After his administration seemed to dither and slow-roll the issue in its first six months, President Trump came out today and made his announcement: no transgender troops in the military.
This is the right call. More on that in a moment. Here is how Trump described it:
In a series of tweets, he wrote:
“After consultation with my Generals and military experts, please be advised that the United States Government will not accept or allow…Transgender individuals to serve in any capacity in the U.S. Military. Our military must be focused on decisive and overwhelming..victory and cannot be burdened with the tremendous medical costs and disruption that transgender in the military would entail. Thank you.”
Trump is making himself an outrage magnet here (which is what I think he’s also doing with his seemingly inexplicable rhetoric war “against” Jeff Sessions). He’s taking responsibility for the call, and visibly making it himself. He implies that his generals and experts concur with him, but he doesn’t say he’s making the decision based on their advice.
Aside from the howling indignation of the progressive left, most Americans will be relieved by this eminently sensible decision. I wrote about the counterproductive nature of the “transgenders in the military” proposition last year, and nothing has changed since then.
It’s not just that the military’s preparations for adapting to transgender servicemembers have been troubling and evidently unworkable. (E.g., unclothed biological males showing up in women’s showers and latrines, and women just having to deal with it – without complaint, lest they be deemed bigots and haters.)
It’s that the whole enterprise would have the military absorbed in an open-ended social experiment that has no applicability whatsoever to national defense. The idea, just for starters, that our national defense dollars should be spent on sex-reassignment surgery for people who consider themselves transgender is, quite literally, insane.
So is the idea that the military services should have to tiptoe around transgenders, allowing them to do whatever they are most comfortable with rather than participating in required evolutions on the same basis as everyone else. If your psychological state is such that you can’t participate in military activities on the same basis as everyone else – with uniformity of expectations, putting the mission and the team first – then the military doesn’t need you.
That’s why I wrote in 2016 that the military doesn’t need, and will never need, transgender service members. It bears repeating that this is in no way a statement of hostility toward transgender people – any more than it’s a statement of hostility toward paraplegics to say that the Navy SEALs or the Army Rangers will never need their uniformed service.

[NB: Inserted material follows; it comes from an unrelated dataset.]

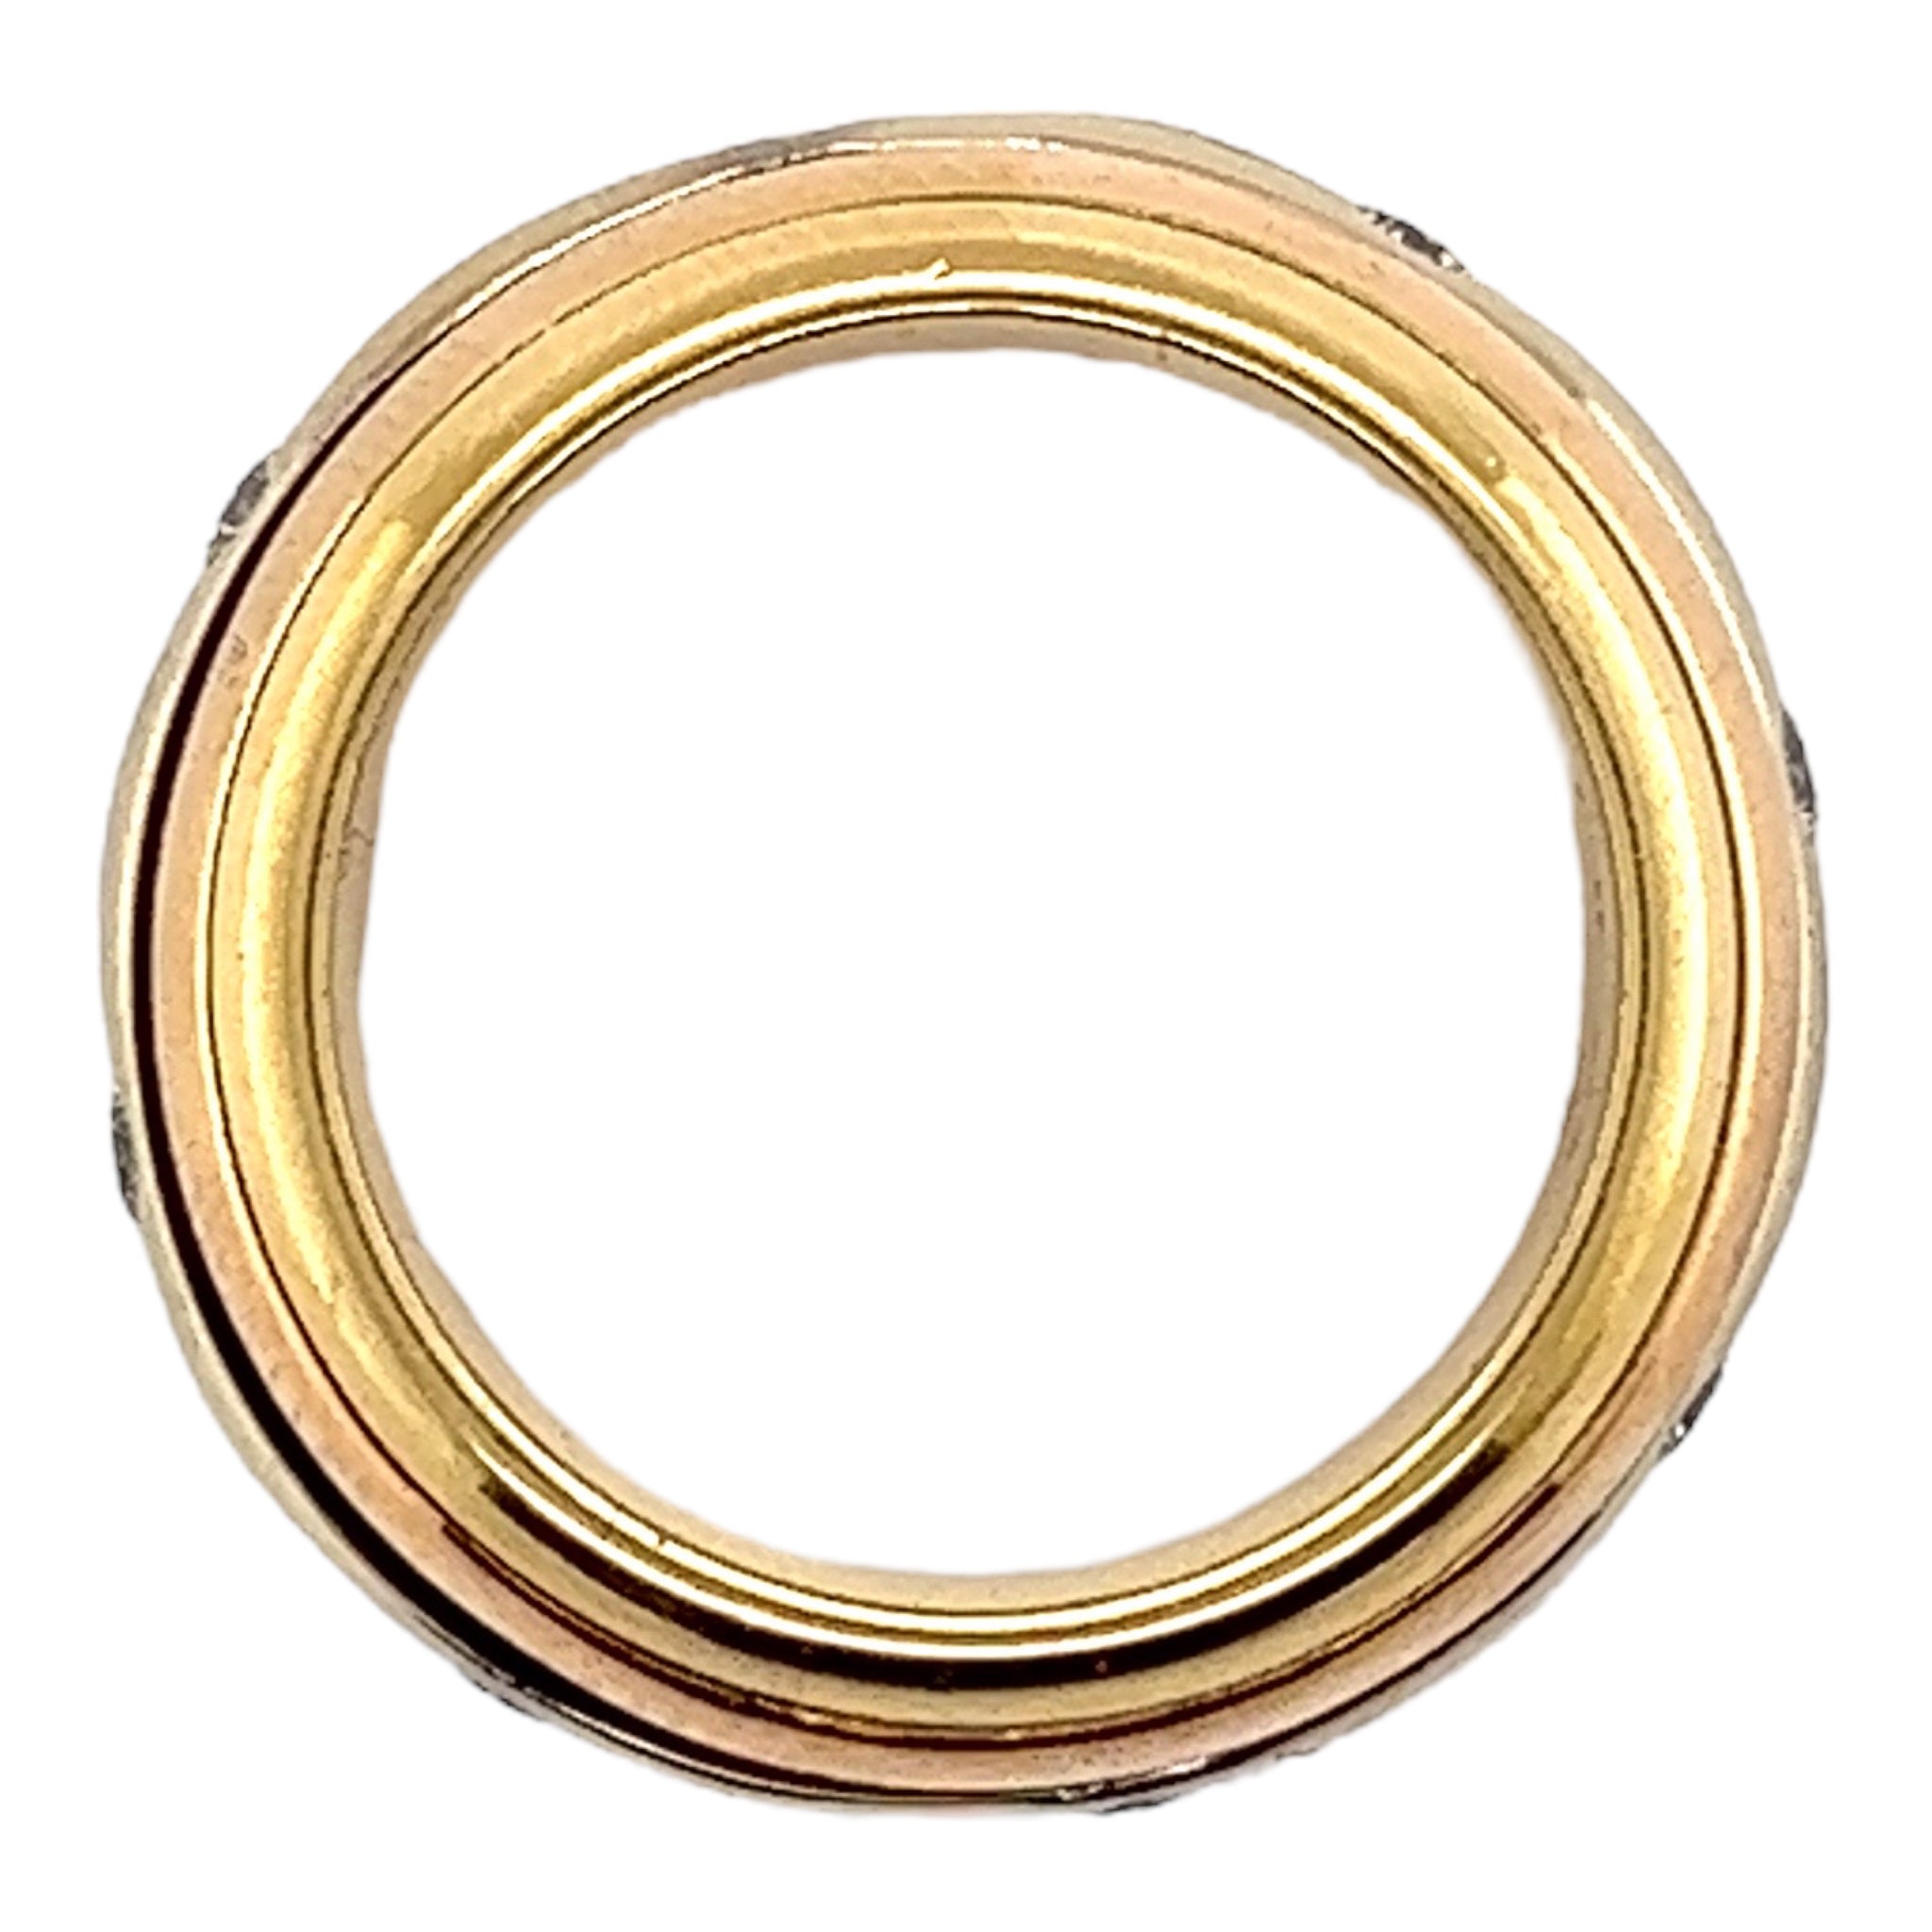 18ct Gold & Diamond Ring - Wildsmith Jewellery Rings

There is perhaps a case to be made for accepting post-reassignment transgender people, although even that is questionable. There is no reason for the military to take on the burdens of special medical provisions for people who don’t fit the overwhelmingly normal physical profiles of men and women. The military excludes a lot of people for reasons of physical condition, precisely because such conditions limit a potential service member’s eligibility for assignments, and because paying for their upkeep is relatively expensive.
But there’s also the problem that “transgender” is – according to its political proponents – a proposition so “fluid” and multifarious that it can’t be pinned down. The comparatively simple concept of a man becoming a woman is, according to this gender ideology, too simple and binary. Across America, in the halls of academia and media – and now even public records like driver’s licenses – the case is made that “gender is not binary,” but rather is “fluid,” and can mean anything you feel like it means at the moment (or nothing, if that’s how you feel too).
There is no way the military can function, if it has to keep up with such a randomly moving goalpost. There is no reason why it should have to try. The military is there to fight and win when we have to go to war, period. If we want a military that functions, the last thing we should do is mandate its acceptance of a tiny number of candidates whose inability to put the mission before their personal issues would create problems out of all proportion to their contribution.